MATERIALS AND METHODS

Most of the materials used in this study were collected during a series of dives using the Johnson Sea Link I and II submersibles (Harbor Branch Oceanographic Institute, Fort Pierce, Florida) between February 1991 and October 1998. The data include tens of hours of video taken using an externally-mounted video camera, hundreds of still photographs taken using externally-mounted as well as handheld reflex cameras, and time-lapse photographs taken with a Photosea (now Hydrovision) 1000A 35-mm underwater camera connected to a Photosea 1500S 150 watt-sec Strobe and mounted on a tripod deployed on the seafloor via submersible.

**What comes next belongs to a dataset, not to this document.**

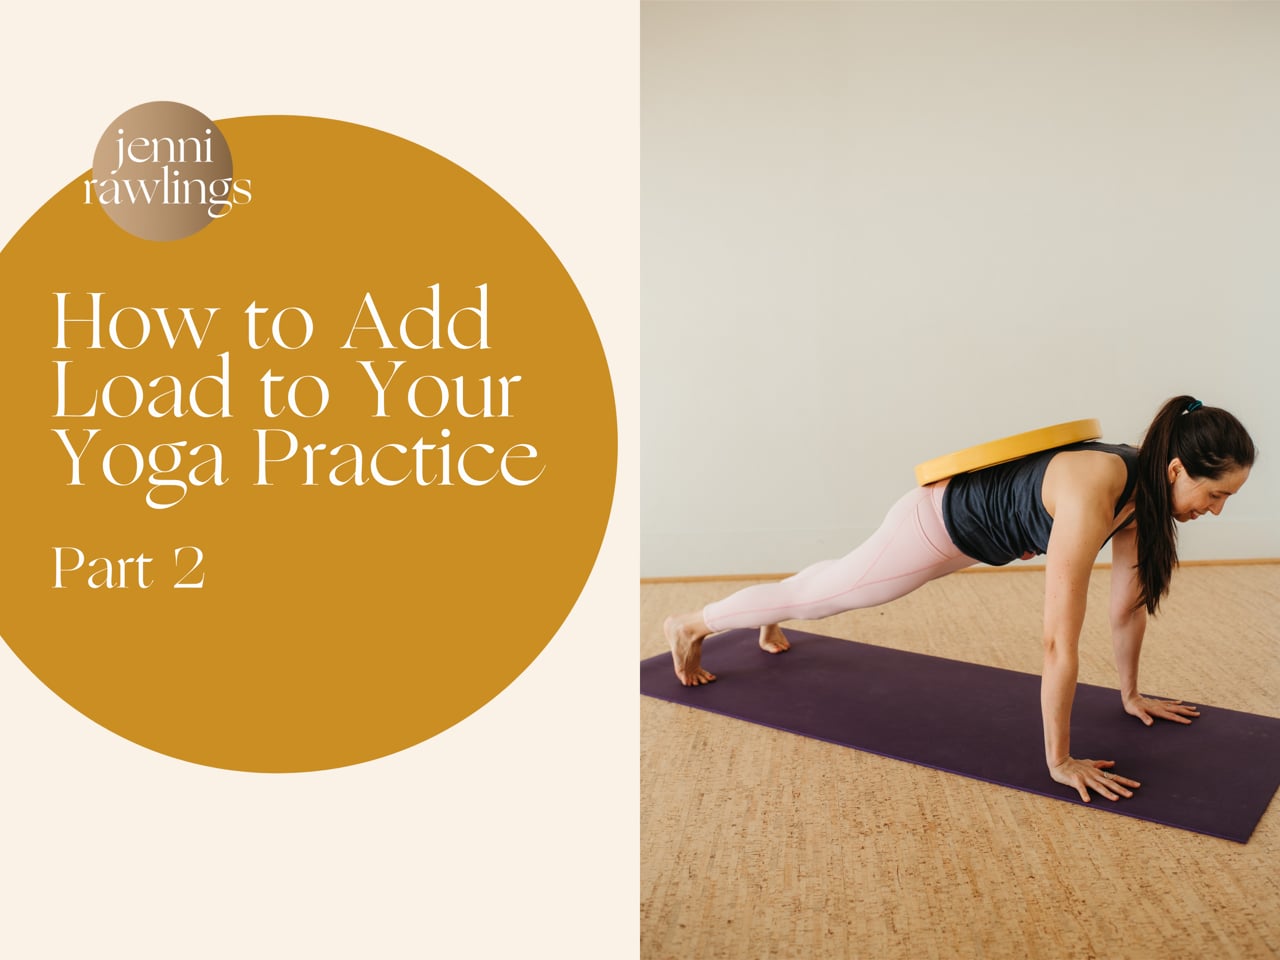 How to Add Load to Your Yoga Practice, Part 2

Linear measurements were obtained from video images by using a pair of laser-generated dots visible on videotape and spaced 100 or 200 mm apart (depending upon the system used); the dots were produced by a pair of parallel lasers flanking the submersible's external video camera. Measurements were made post-dive by pausing the videotape; a millimeter rule was placed on the video screen over the scale bar and then over the image. All measurements were rounded to the nearest centimeter. A digital clock appearing on the videotape was used to measure time to the nearest second. Crawling speed was calculated as the ratio of the linear distance covered by the crawling crinoid to elapsed time. Because the orientation of the submersible and the camera changed during videotaping, and because magnification did not remain constant, crawling speeds were calculated incrementally.

The study area, on the southwestern margin of Little Bahama Bank south of Settlement Point (west end of Grand Bahama Island) in 391-434 m, covered an area approximately 460 m (east-west) by 360 m (north-south) and was centered on 26º37.6'N lat., 78º58.9'W long. (Figure 1). The bottom consisted of flat or sloping, submarine-cemented, carbonate pavements (hardgrounds) veneered with sediment. This substrate interspersed with areas of deeper, often bioturbated, chiefly pelagic foraminiferan/thecosome sediment. Comprehensive descriptions of regional bank-margin geology of the northern Bahamas are in Neumann et al. (1977), Mullins and Neumann (1979), and Hine and Mullins (1983).

Measured current velocities ranged from 0 to 400 mm sec-1, although flow sometimes clearly exceeded this. Temperatures recorded in situ range from 12o C (February 1991) to 17o C (October 1991). Detailed analyses of the flow environment in the northern Straits of Florida are in Düing (1975), Schott and Zantopp (1985) and Leaman et al. (1987).